Involving disabled consumers in the design process
When creating new products, companies also need to ensure that the voices of disabled people are not excluded from the development process. This could mean consulting an internal network of disabled employees or turning to the community to gain insights into how a brand can improve their packaging to address the issues faced by consumers. Latif tells me that at P&G they often consult their network of disabled employees and employees with disabled family members. Having such a network is useful for when a company needs the feedback of disabled consumers but is either not ready to share the product with people from the community or needs the feedback to be delivered quickly.
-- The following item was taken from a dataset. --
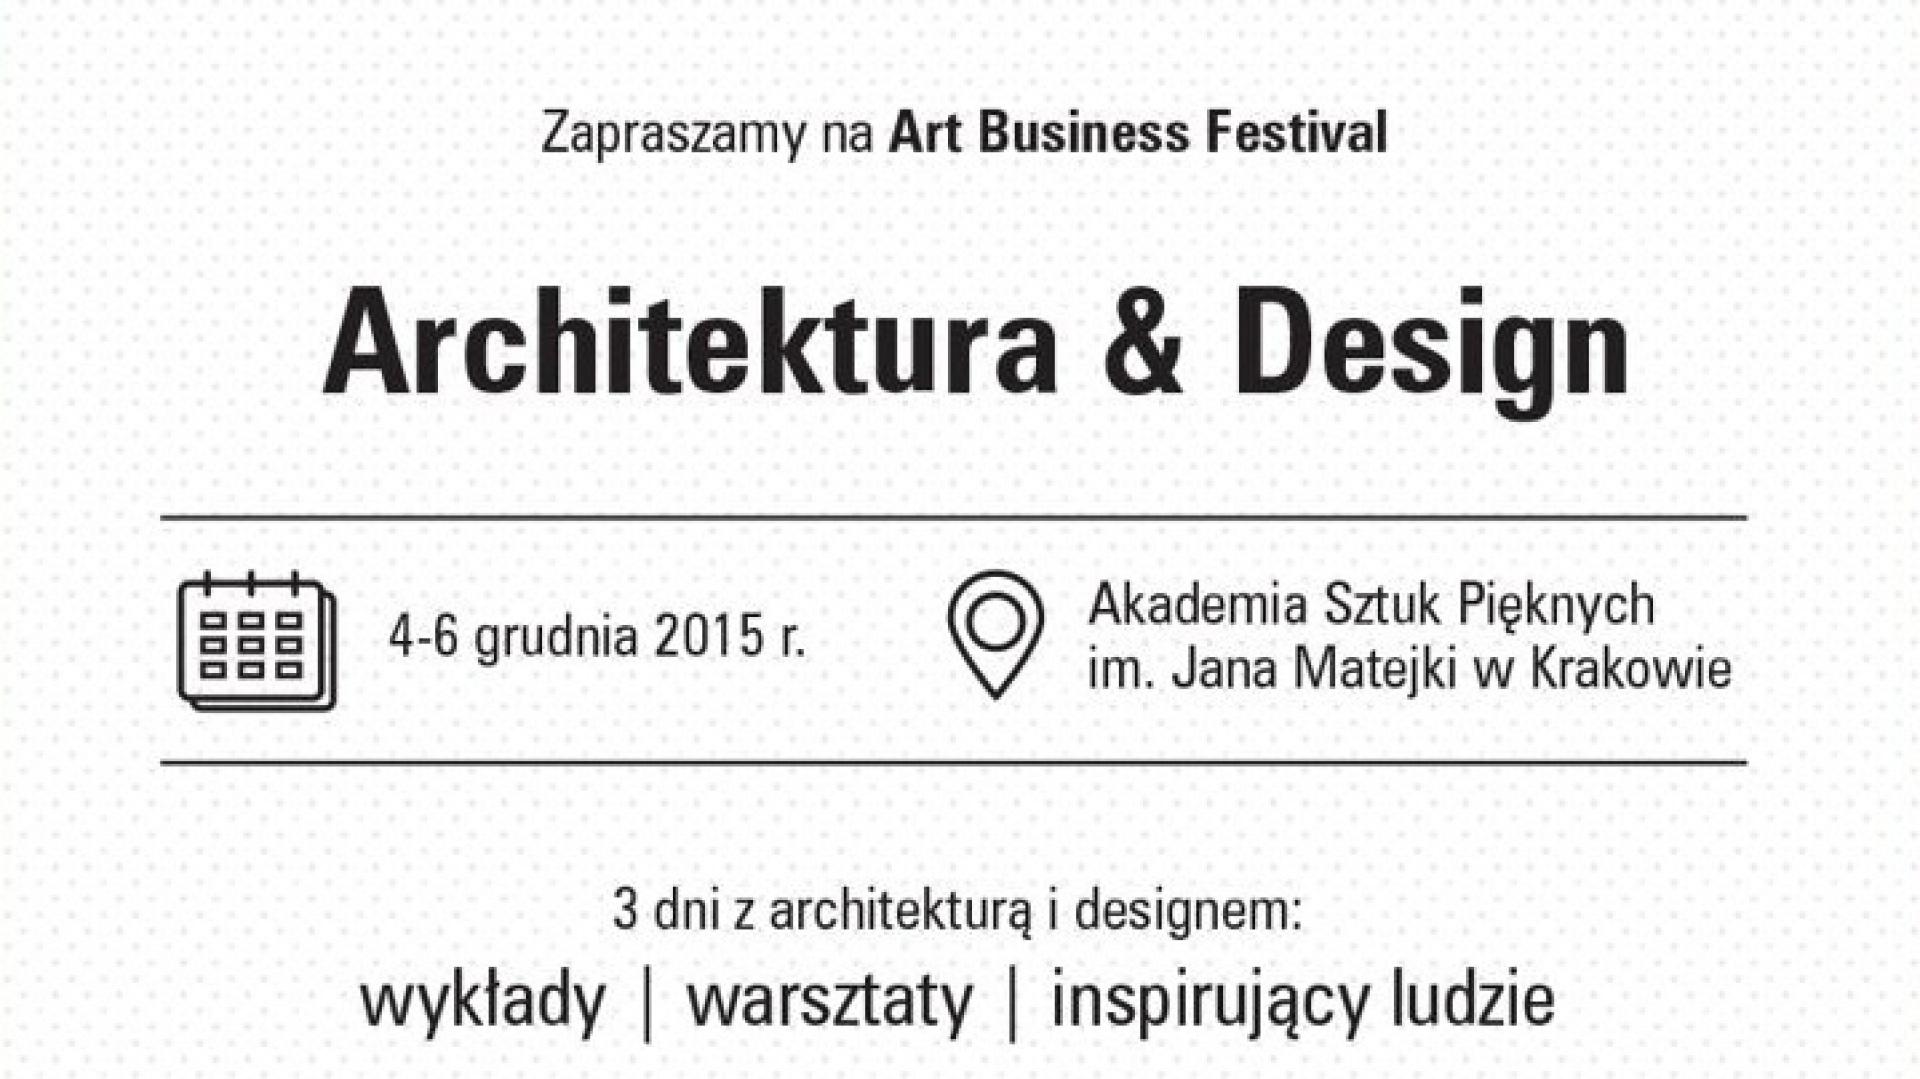 Art Business Festival. Fot. Plakat prasowy

But, as she explains, they also have connections with people in the community and partnerships with organizations, which enable them to collect feedback from disabled people outside the company as well.
Having an internal network depends on having employees with disabilities in the first place, and, as Latif tells me, this has not always been the case in companies. “I think the more people we hire into the packaging industry with a disability, the better we’ll shape that packaging industry to make it more accessible,” she says. “Let’s enable them to be their authentic selves and value the insights that their disability is bringing when it comes to packaging,” she adds. “We need to continue to talk to real consumers with disabilities and understand the problems that they experience with packaging, and bring these insights to the decision makers, bring these insights to designers- to every function, really, in a company- so that they can open their hearts and minds and create something that’s more accessible, versus what we have today.”